Manuel smiles broadly as he speaks, as his blue eyes gaze off towards the horizon. His hands look as if they have been carved from the twisted trunks of trees and when he places them on the table they resemble tools. They are sturdy, rough, and they reflect decades of working in the fields in the afternoons, after spending the mornings on his pig farm. This countryman is unable to understand how anyone can dig up an olive tree- “nobody knows exactly how old they are, they could have been planted 700 years or 2,000 years ago,” – and he says it “pains” him when they do.

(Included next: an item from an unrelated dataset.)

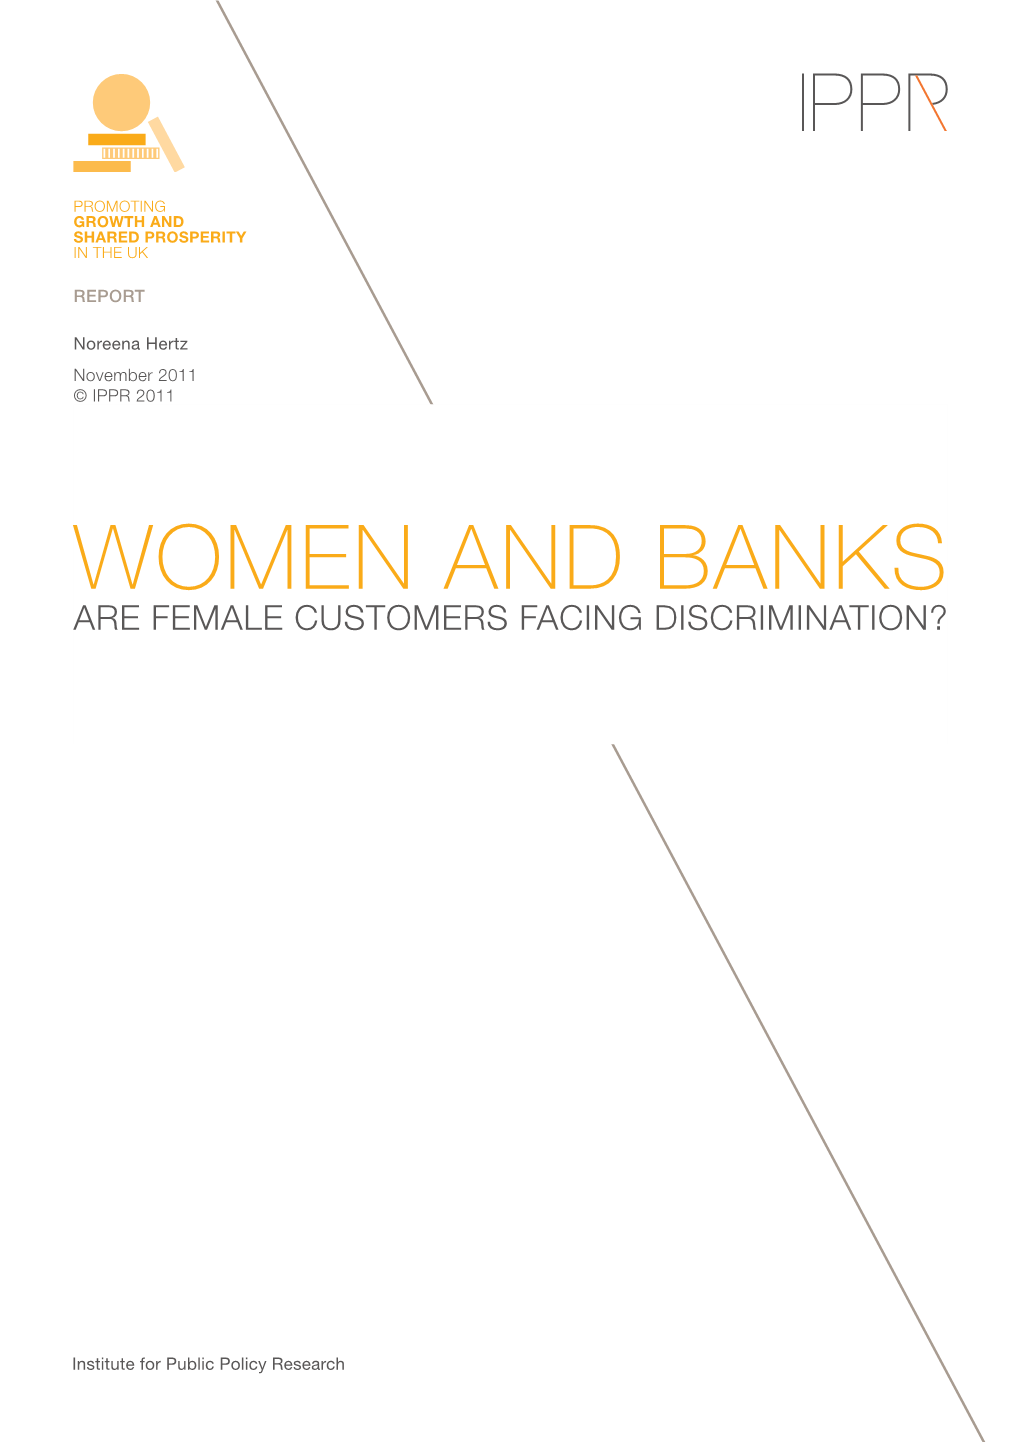 Women and Banks Are Female Customers Facing Discrimination?

When he speaks about his trees, he recalls the nights he spent in a hut in the mountains and how, in the early hours of the morning, he used to get up to look at the olive grove, magnificent, impressive in the moonlight, as he listened to the call of an owl or a fox cub. He imitates the sound of the animals, and his eyes light up as if he were there right now, feeling the cool night air on his weather-beaten face. And he becomes emotional. “These trees have virtues that others don’t have. They give you shade in the summer and warmth in the winter; birds nest in the crannies of the trunks, like the hoopoes, mice, snails, they all go there…. and what’s more, you can leave an olive tree for two years without doing anything to it, and it doesn’t die on you. It’s wrong to sell them. An olive tree which is that old doesn’t belong to anyone, because it has been here a lot longer than any family,” he insists. And he quotes a saying about them: ‘Blanco fue mi nacimiento, yo de verde me vestiré, y ahora que voy de luto, todos se alegran de mí’, which means to say that when the trees become dark, when they are aged, that’s when they give the best of themselves.
Olive oil, the answer
Paul Laverty agreed with his girlfriend that a local man should be used for the role. “In this country there are wonderful actors, but there is something about the land which makes people different: their hands, their skin, their faces… these men are like the olive trees and they give a subliminal message which no actor with their well cared-for faces can give you. Hands like Manuel’s can’t be faked,”he says.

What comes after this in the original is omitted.